Print out the full material below, exact in every line, with no images included.

#### Information provided ####

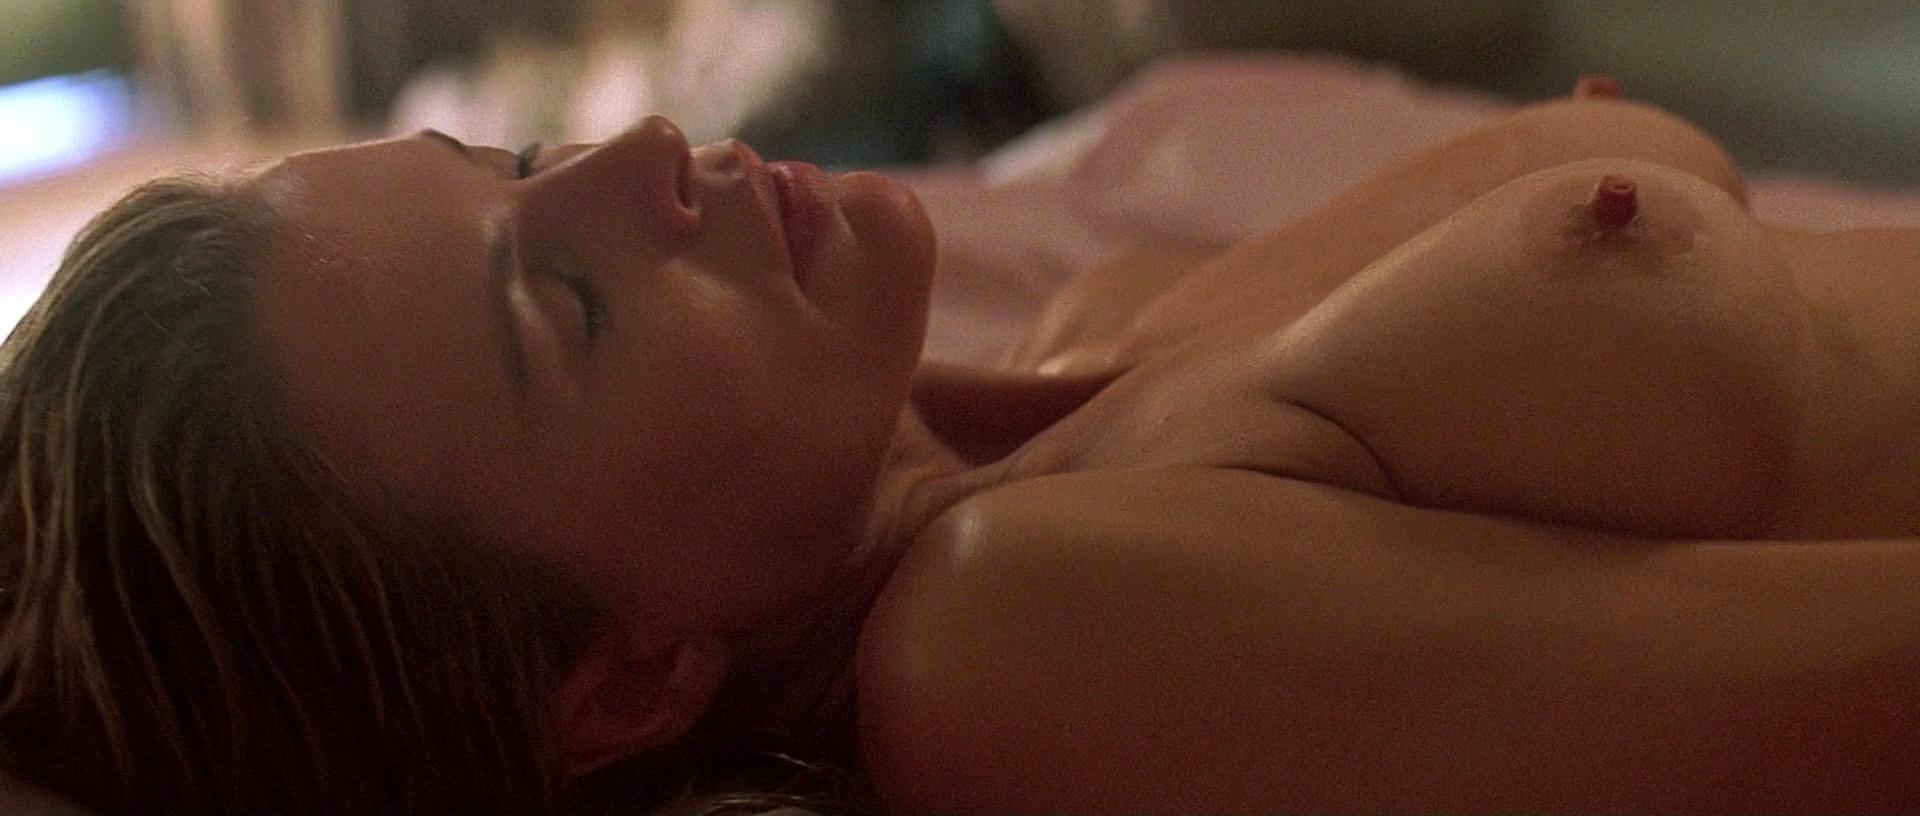 Sex download of getaway movie of kim basinger
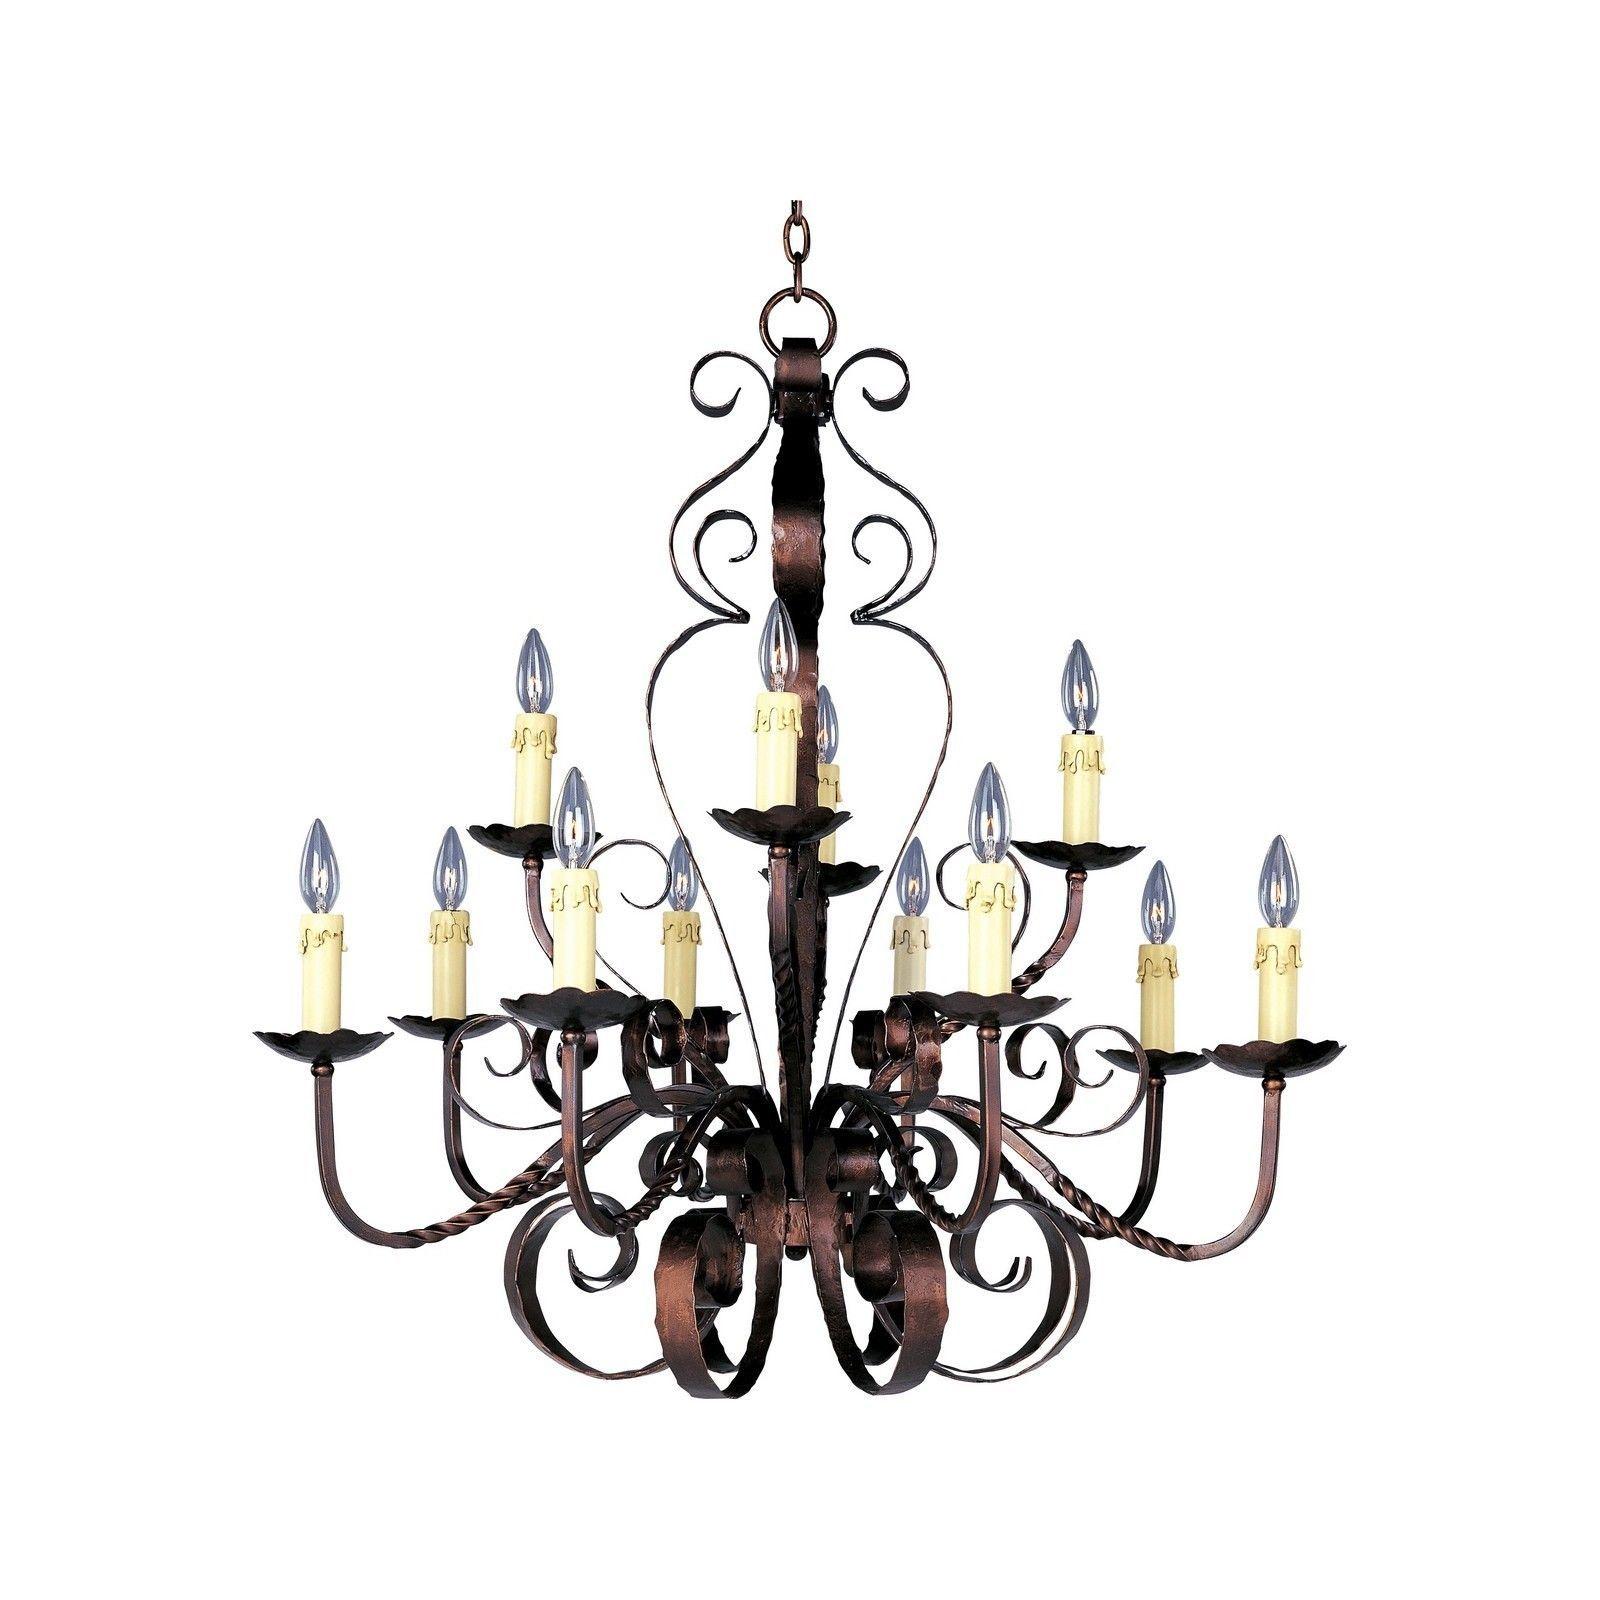 Maxim aspen bronze 12 light chandelier aspen 12 light chandelier maxim aspen bronze 12 light chandelier aspen 12 light chandelier iron arubaitofo Choice Image
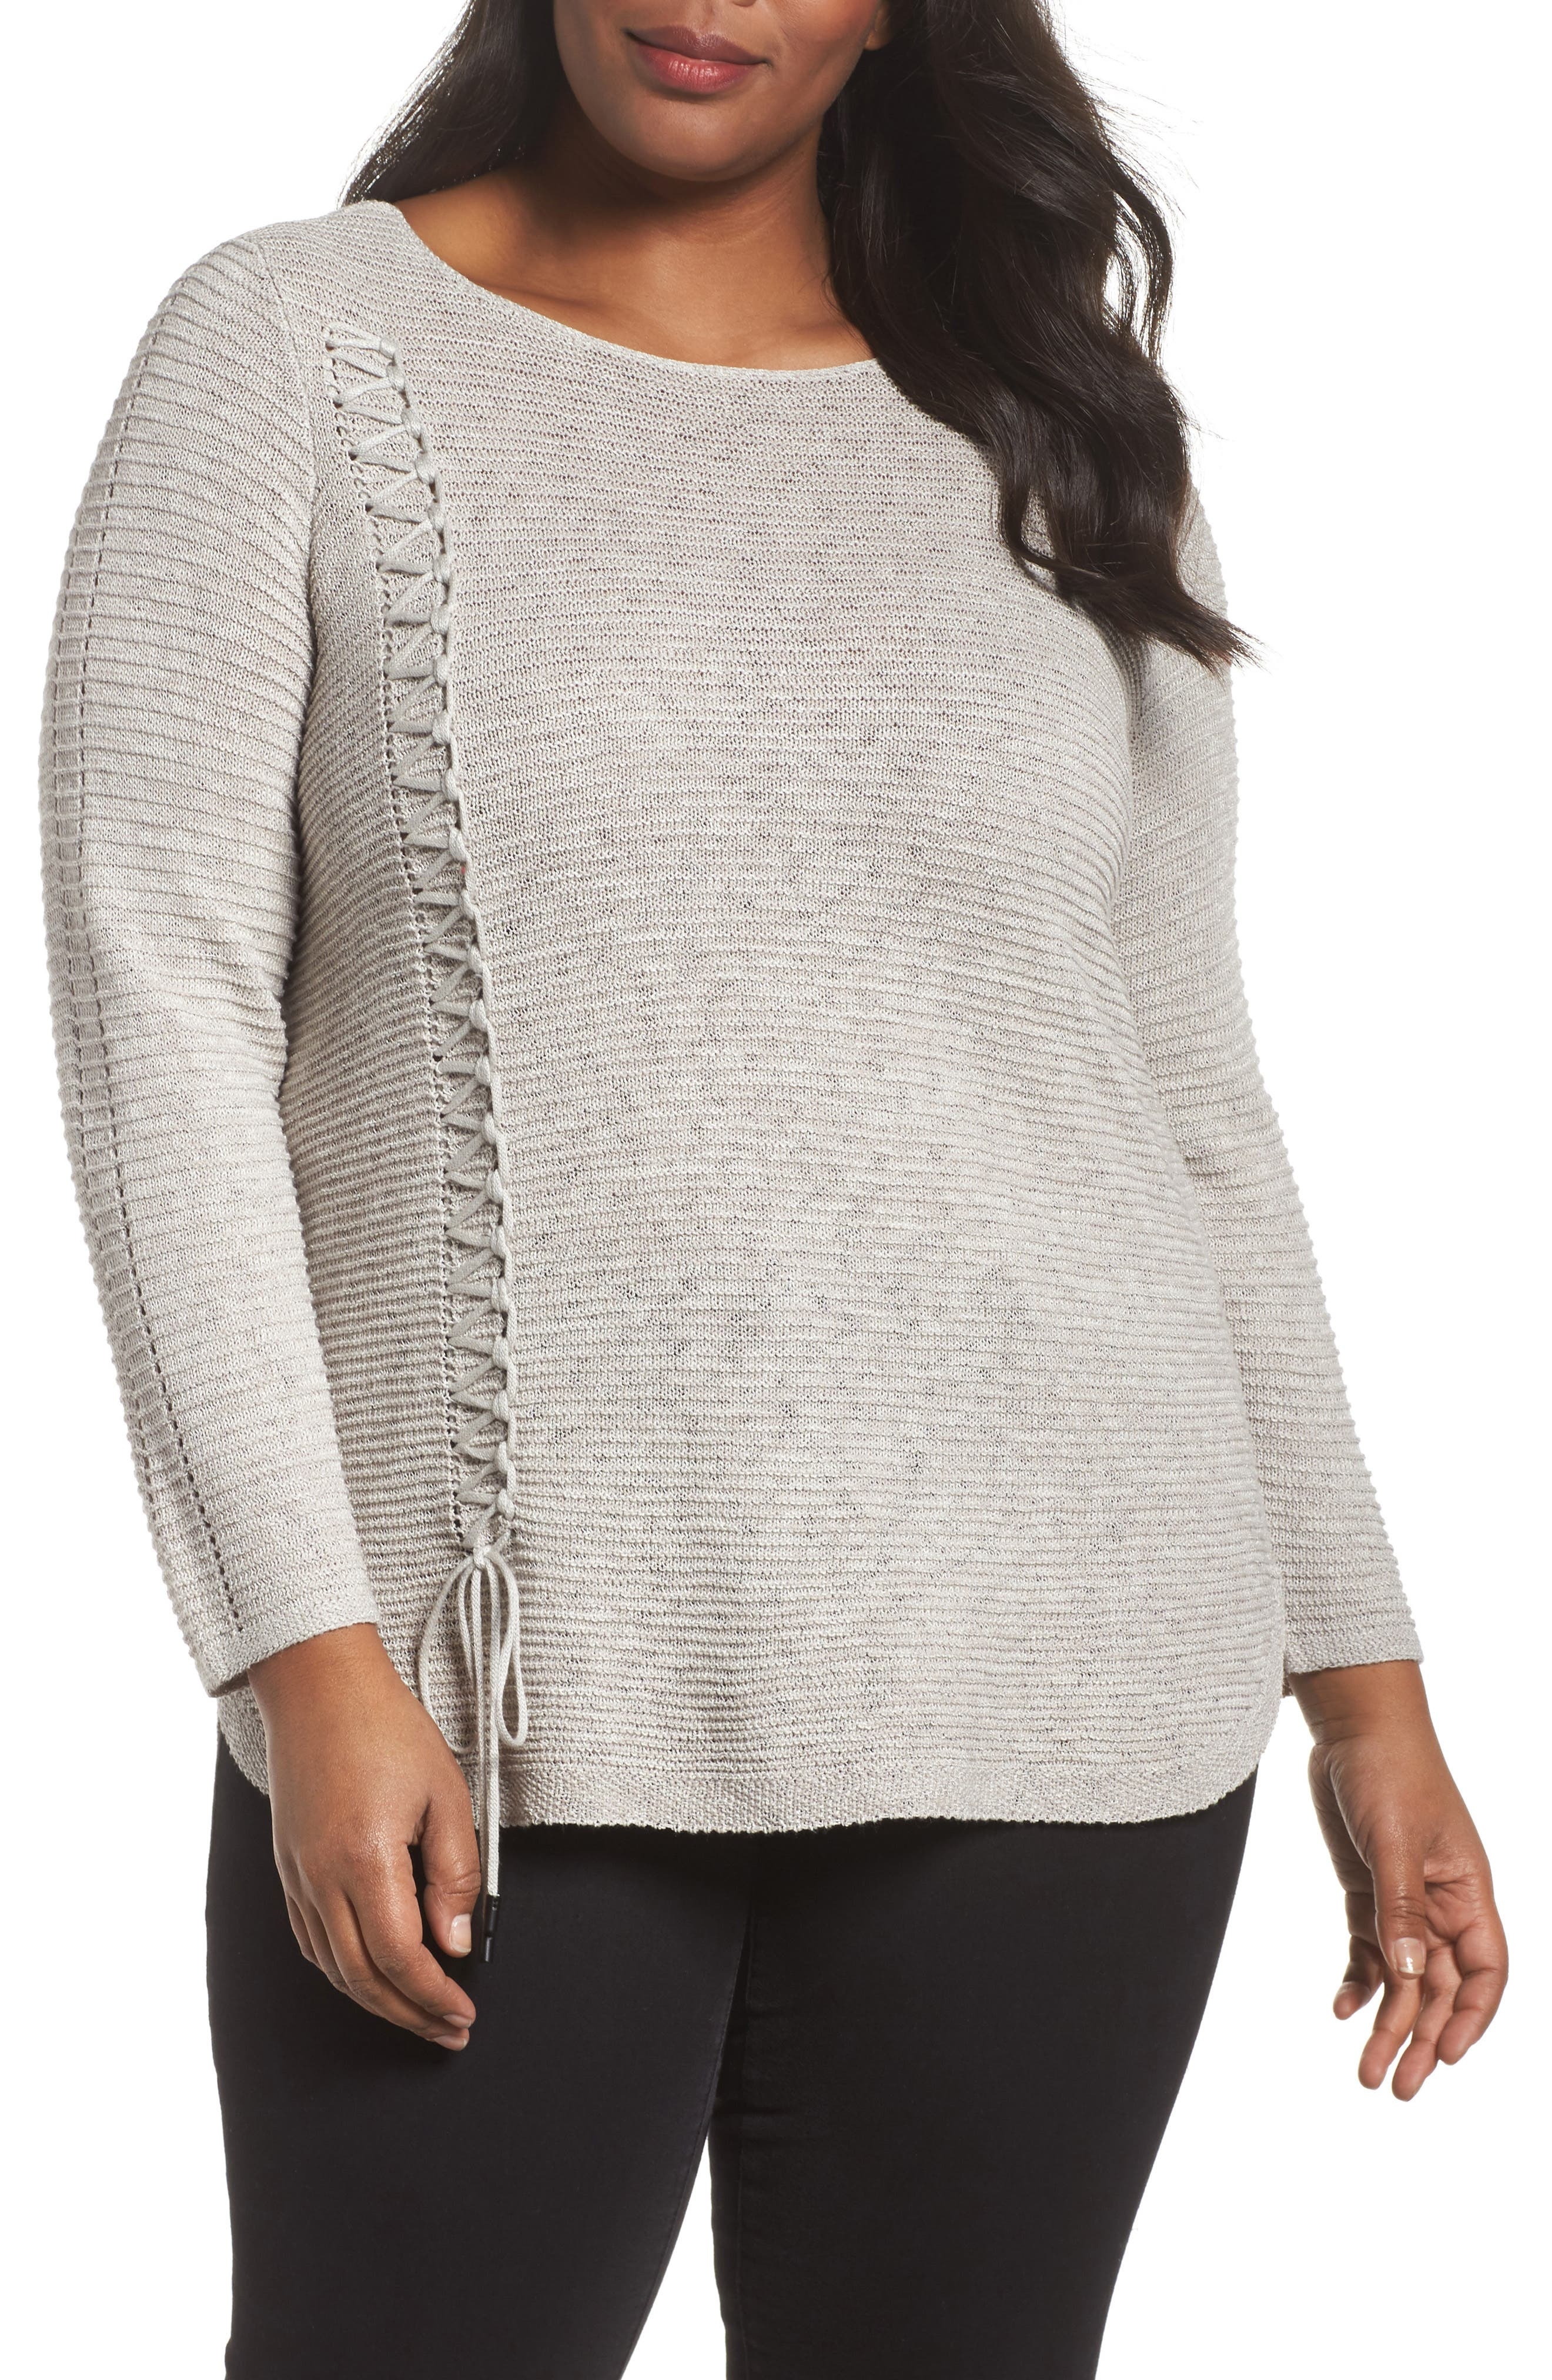 Main Image - NIC+ZOE Braided Up Sweater (Plus Size)

####

### Result of the task
 Sex download of getaway movie of kim basinger
 Maxim aspen bronze 12 light chandelier aspen 12 light chandelier maxim aspen bronze 12 light chandelier aspen 12 light chandelier iron arubaitofo Choice Image
 Main Image - NIC+ZOE Braided Up Sweater (Plus Size)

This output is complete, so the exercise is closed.